Harrow para-sprinter Daniel Hooker is poised to retire after finishing seventh in the Commonwealth Games T37 sprint final on Monday night.
While a 15,000 word dissertation awaits the MA history student at Oxford on his return from Glasgow, he suggested the last chapter of his seven-year track career had been written on what he termed ‘an incredible night’ at Hampden Park.
Hooker had hoped to finish fifth and run a personal best , but admitted he got overwhelmed by the sort of atmosphere he had never encountered before.
Not that the cerebral Palsy sufferer was complaining about that – in fact he could not think of a more suitable occasion on which to call it quits.
He said: “I will take six weeks off now as I do at the end of every season to take stock, but this might be my last race.“If you could make Paralympics maybe but I am a fair way off doing that, and I can’t think of a better atmosphere than that to finish in.
“It was pretty much all you could ever hope for from a last race other than winning I guess, so it would be a pretty incredible last memory of being a track runner.
“It was a great experience, I just wish I’d run a little bit of a better race. I basically did the same warm-up as I did this morning and with a round already in the legs I didn’t need to do that.

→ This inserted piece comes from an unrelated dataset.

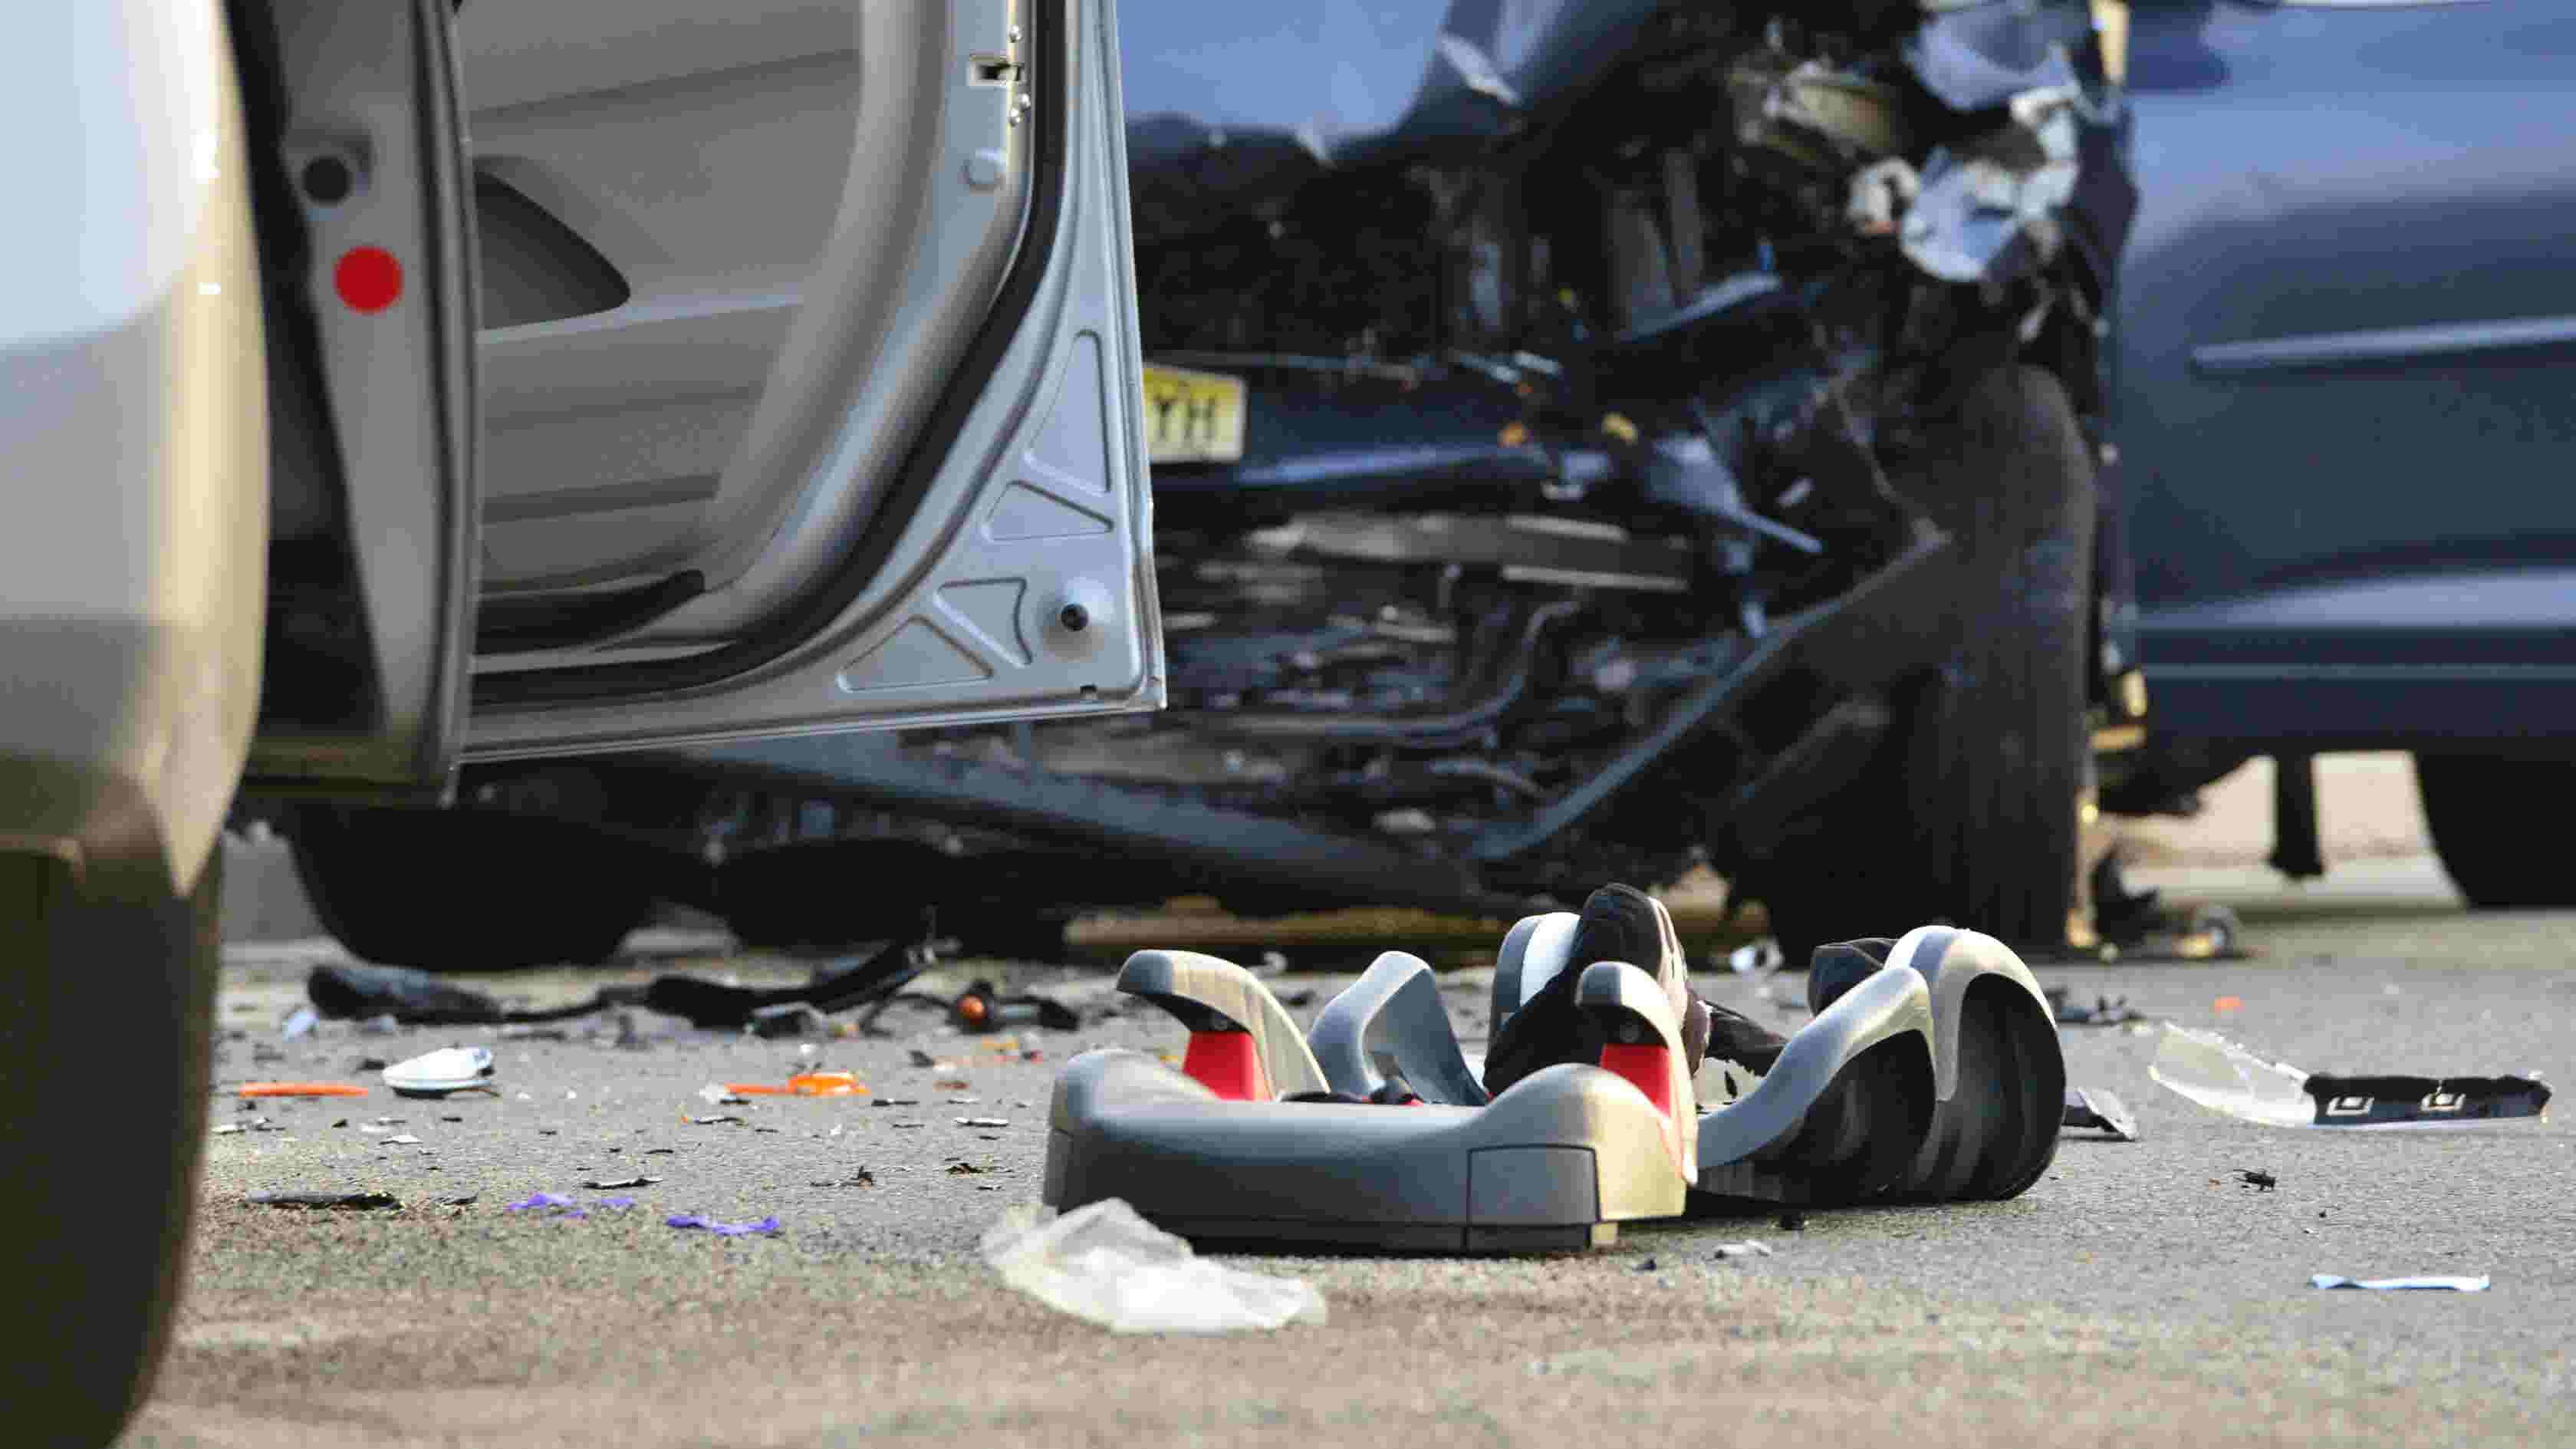 harrington park nj car crash: 2 people in critical condition

I knew that really, but I got a bit carried away with the occasion – I even had tears in my eyes on the start-line.”
If this dies mark the end of competing for the 22-year-old much of the credit for getting him to Glasgow 2014 rests with his firmer coach at Harrow AC, Barrington King.
It was former sprinter King who got Hooker’s time for the 100m down from 14.4 to the Paralympic B standard of 13.1 in less than three years. The race where he achieved the mark at Perivale in 2009 remains in terms of execution his best ever.
He added: “I have run faster times since, but that remains my best race ever in terms of how it felt. I beat all but one of my domestic rivals, all of whom had beaten me the previous season.
“British Athletics took notice of that performance and I felt I had gone from the bottom rung of my sport into the top echelon.“Barrington did most of the hard work for that and was a big influence.”